India's Real Estate Investment Trust (REIT) sector continues to demonstrate robust growth and attractive returns for investors. In a significant development, the country's four publicly listed REITs have distributed a total of Rs 1,559 crore to over 2.7 lakh unitholders. This distribution marks a substantial 13% year-on-year increase from Rs 1,371 crore distributed in the previous comparable period.

Key Players in the Indian REIT Market

The four listed REITs that have contributed to this impressive distribution include:

  1. Brookfield India Real Estate Trust
  2. Embassy Office Parks REIT
  3. Mindspace Business Parks REIT
  4. Nexus Select Trust

These REITs collectively manage a substantial portfolio exceeding 129 million square feet of Grade A office and retail assets across India, highlighting the scale and quality of their operations.

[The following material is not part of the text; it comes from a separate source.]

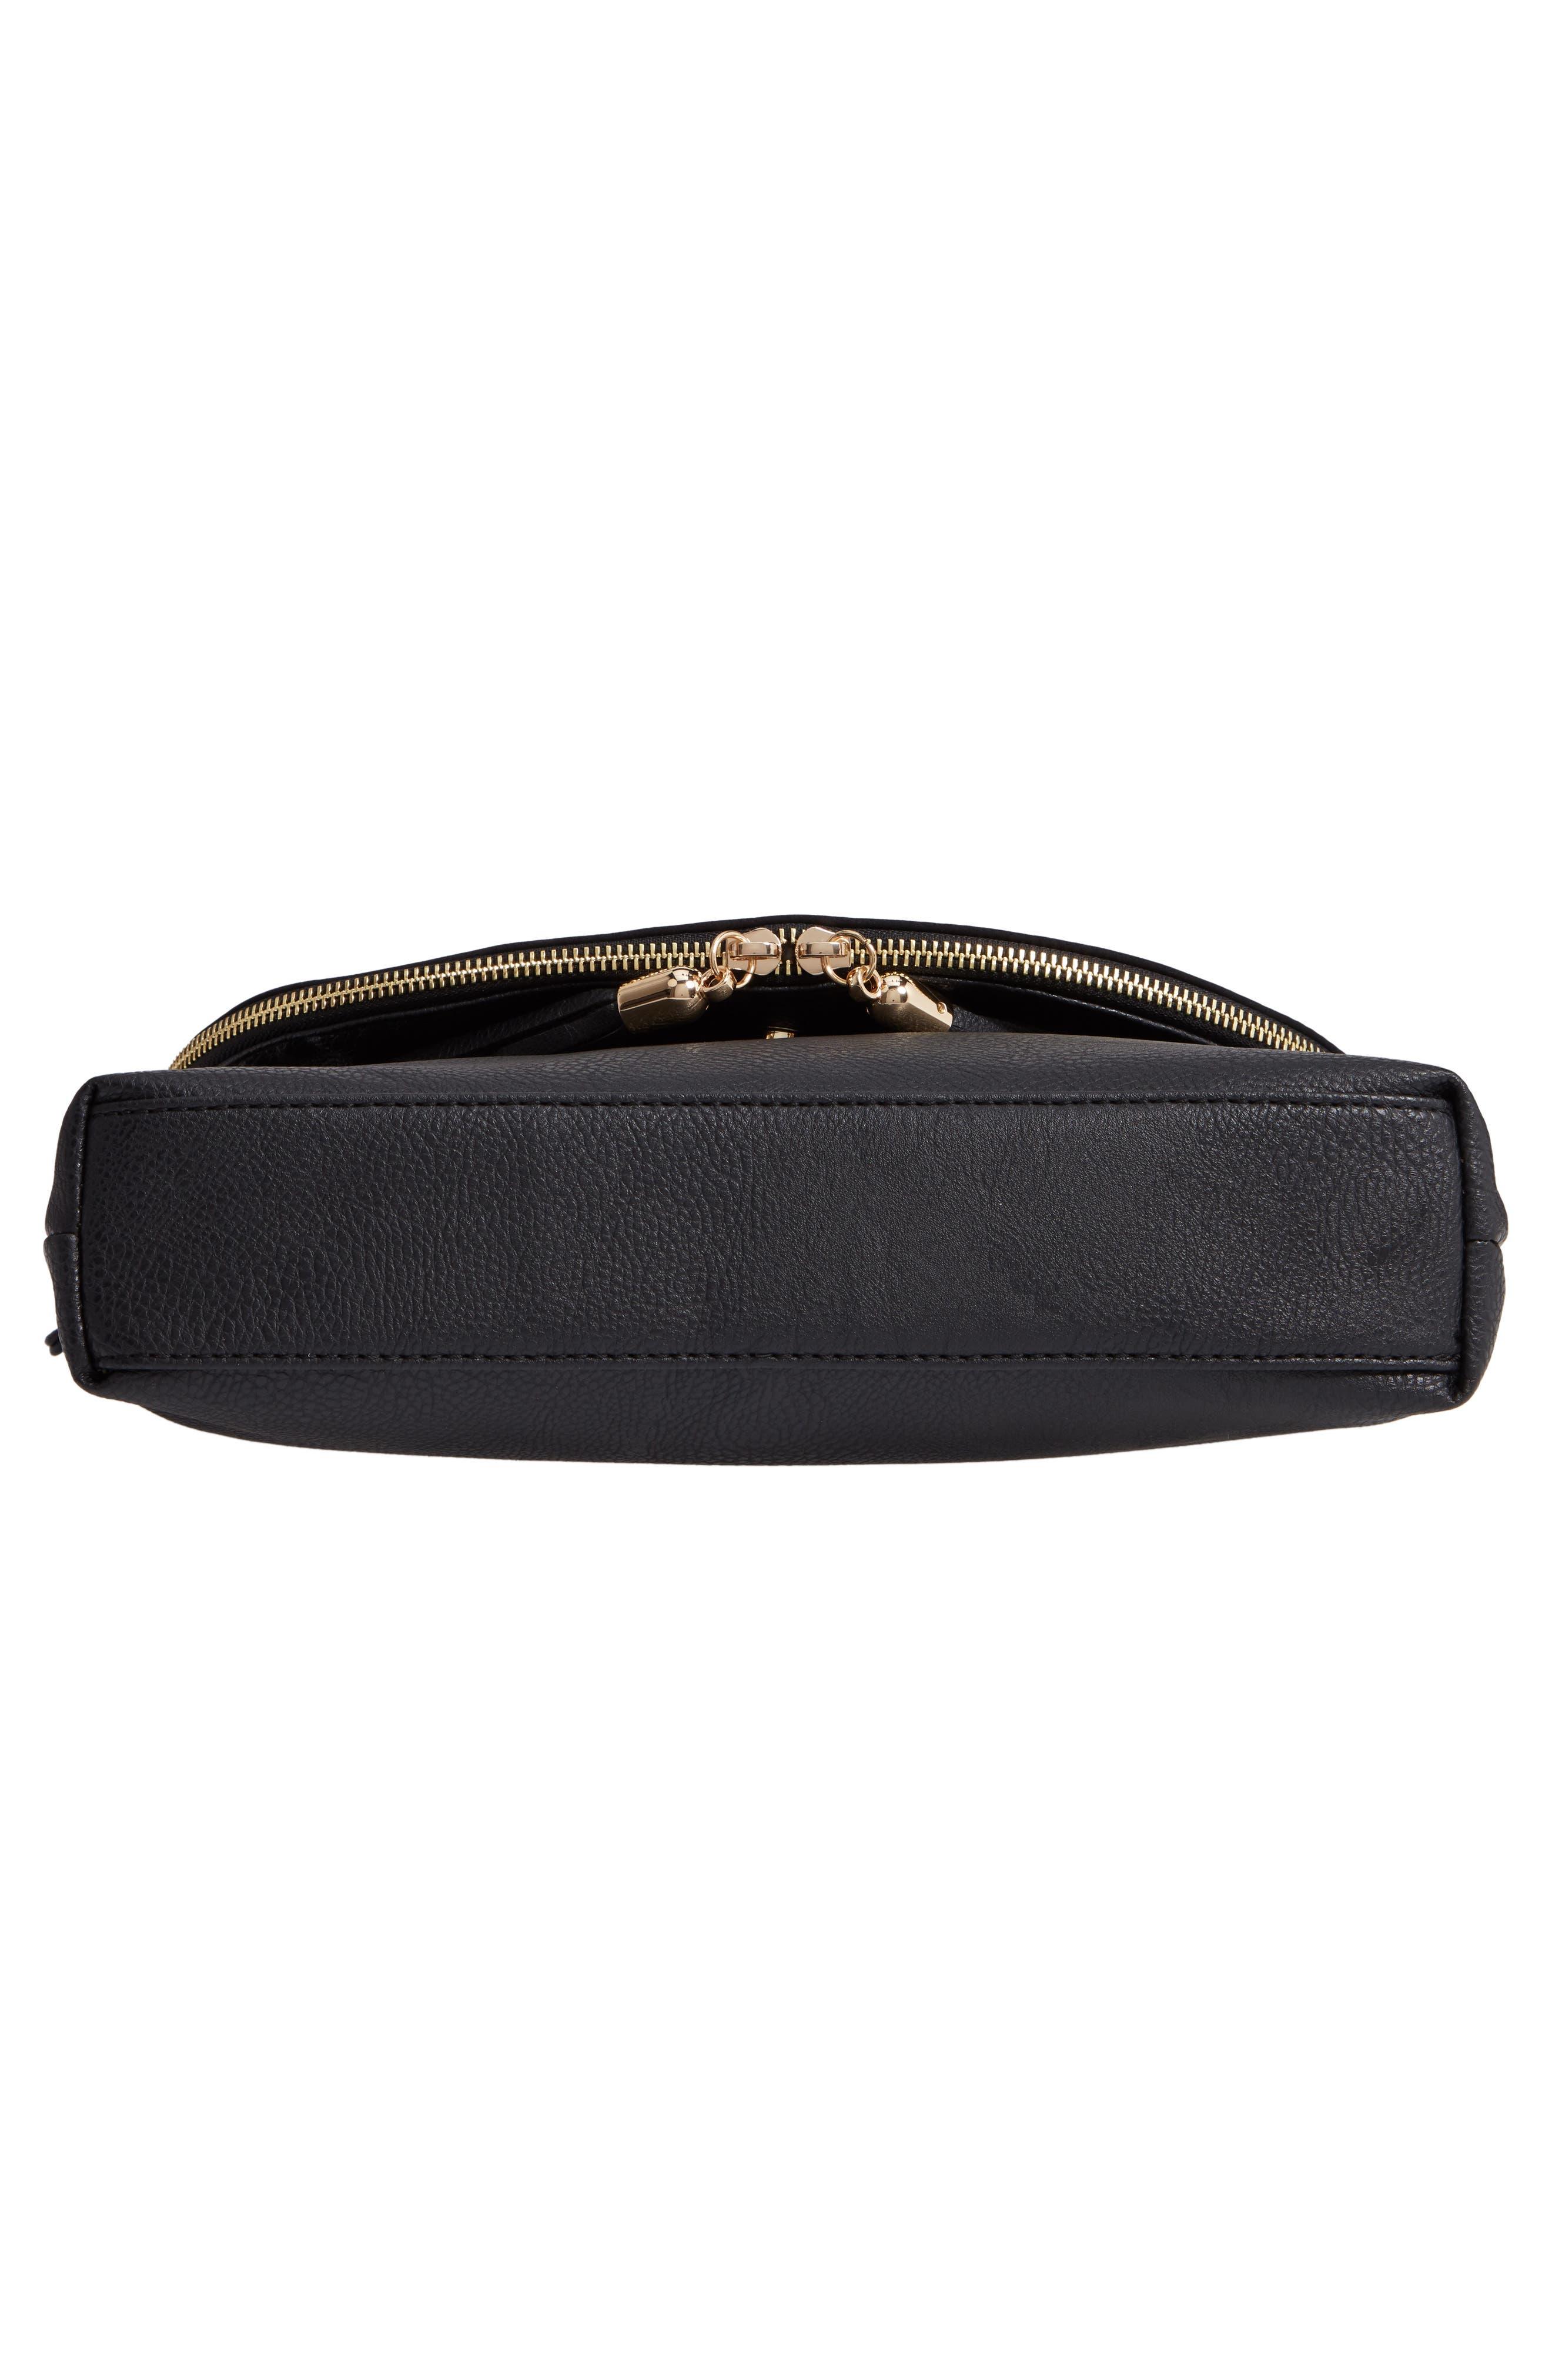 Faux Leather Foldover Tassel Crossbody Bag,                             Alternate thumbnail 6, color,                             BLACK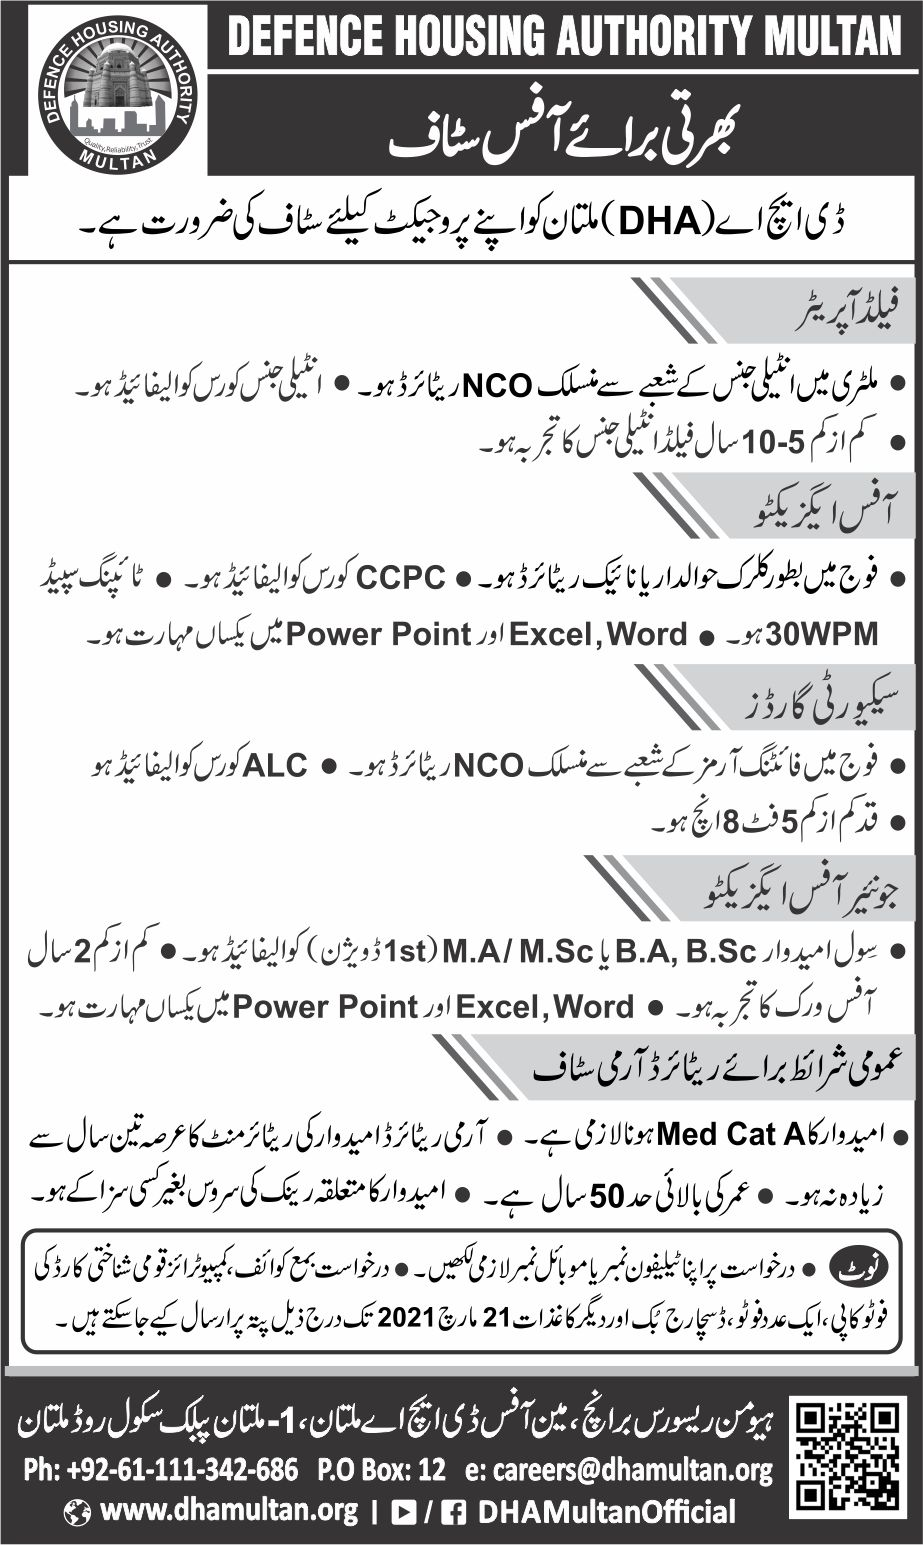 DHA Defense Housing Authority Multan Jobs 2021 Field Operator ,Office Executive, Security Guard, Junior Office Executive  Latest jobs in DHA

Cumulative Distributions and Market Capitalization

Since their inception, these REITs have cumulatively distributed over Rs 24,300 crore to their unitholders, underscoring their consistent performance and ability to generate returns. The combined market capitalization of all four REITs crossed a significant milestone, surpassing Rs 1 lakh crore.

Assets Under Management

The Indian REIT market's growth is further evidenced by its expanding asset base. The total gross Assets Under Management (AUM) of the Indian REIT market stood at approximately Rs 1,63,000 crore, reflecting the substantial value of the properties managed by these trusts.

Performance Metrics

To better illustrate the growth and distribution figures, here's a breakdown of the key metrics:

Metric Current Period Previous Period YoY Growth
Distribution to Unitholders Rs 1,559.00 crore Rs 1,371.00 crore 13.00%
Number of Unitholders Over 2.7 lakh - -
Cumulative Distribution Since Inception Over Rs 24,300.00 crore - -
Combined Market Cap Over Rs 1,00,000.00 crore - -
Total Gross AUM Rs 1,63,000.00 crore - -

The significant year-on-year increase in distributions and the substantial market capitalization highlight the growing investor confidence in Indian REITs. These trusts have emerged as attractive investment vehicles, offering steady income streams and exposure to high-quality real estate assets.

As the Indian REIT market continues to mature, it is likely to play an increasingly important role in the country's real estate and investment landscape. The strong performance sets a positive tone, suggesting continued growth and returns for unitholders in the coming periods.